The many buildings and projects created by celebrated architect Paul Rudolph (1918–1997) for New Haven and Yale University—designs that changed the face of the city and the campus—are the subject of this exhibition.

 

“Model City: Buildings and Projects by Paul Rudolph for Yale and New Haven” is part of a celebration that includes the rededication of Paul Rudolph Hall on November 8 (exactly 45 years after the dedication of the Art & Architecture Building in 1963) and the dedication of Yale’s new complex that includes Paul Rudolph Hall, the new Jeffrey H. Loria Center for the History of Art, and the new Robert B. Haas Family Arts Library. The project was designed by Charles Gwathmey of Gwathmey Siegel & Associates Architects.

 

Known as the “Model City” for its leadership in urban renewal, New Haven was a proving ground for Rudolph to develop ideas about the primary themes of post-World War II modernism. Soon after Rudolph became chair of Yale’s Architecture Department (1958–1965), Mayor Richard Lee and his administrator for urban renewal, Edward Logue, engaged the architect to help usher New Haven into the automobile age with the Temple Street Parking Garage (1959–1963).

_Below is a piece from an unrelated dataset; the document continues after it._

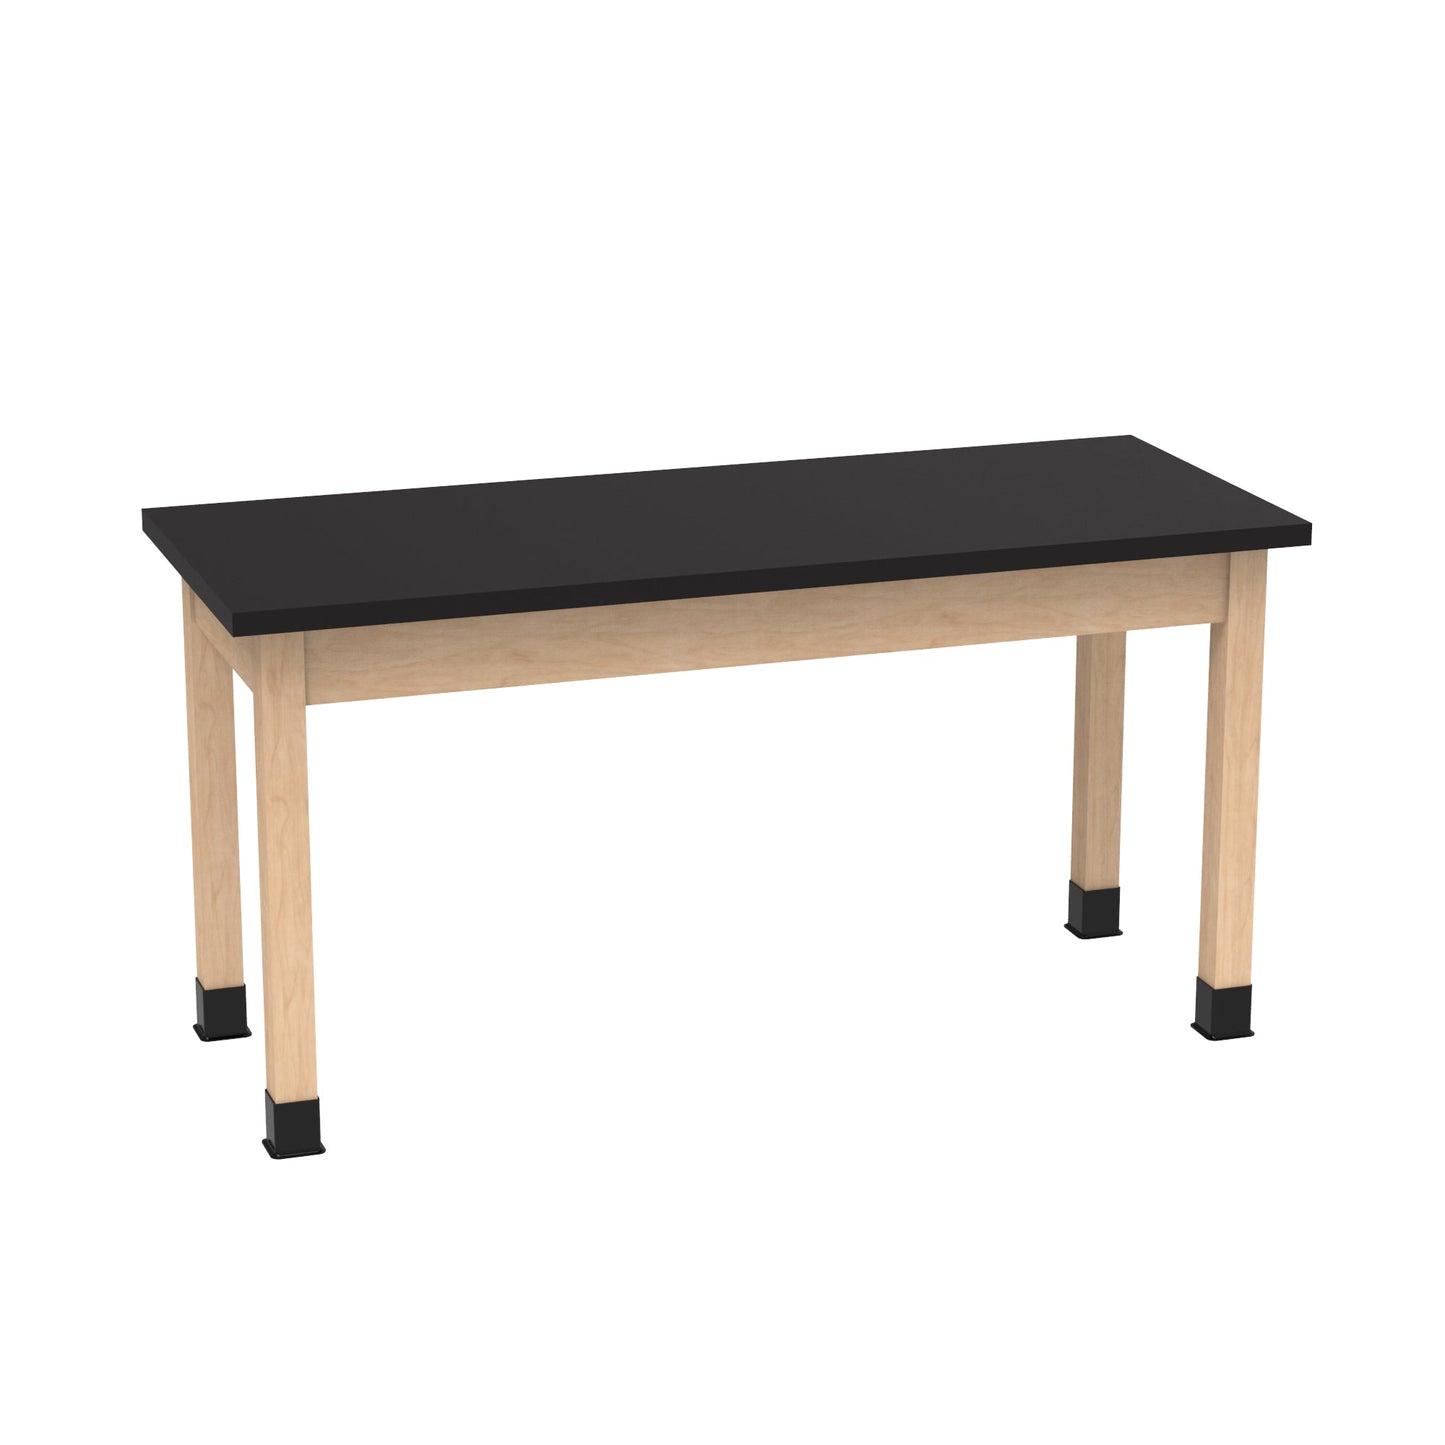 Diversified Woodcrafts Science Table - Plain Apron - 48" W x 21" D - Solid Wood Frame and Adjustable Glides - SchoolOutlet

Intended to help revitalize downtown, the parking garage project was part of Rudolph’s larger, unexecuted scheme for Church Street Redevelopment (1959–1960), which will be on public display for the first time in this exhibition.

 

The exhibition is curated by Timothy M. Rohan, associate professor of architectural history at the University of Massachusetts, Amherst, who has drawn upon a range of materials, selected primarily from the Paul Rudolph Archive at the Library of Congress.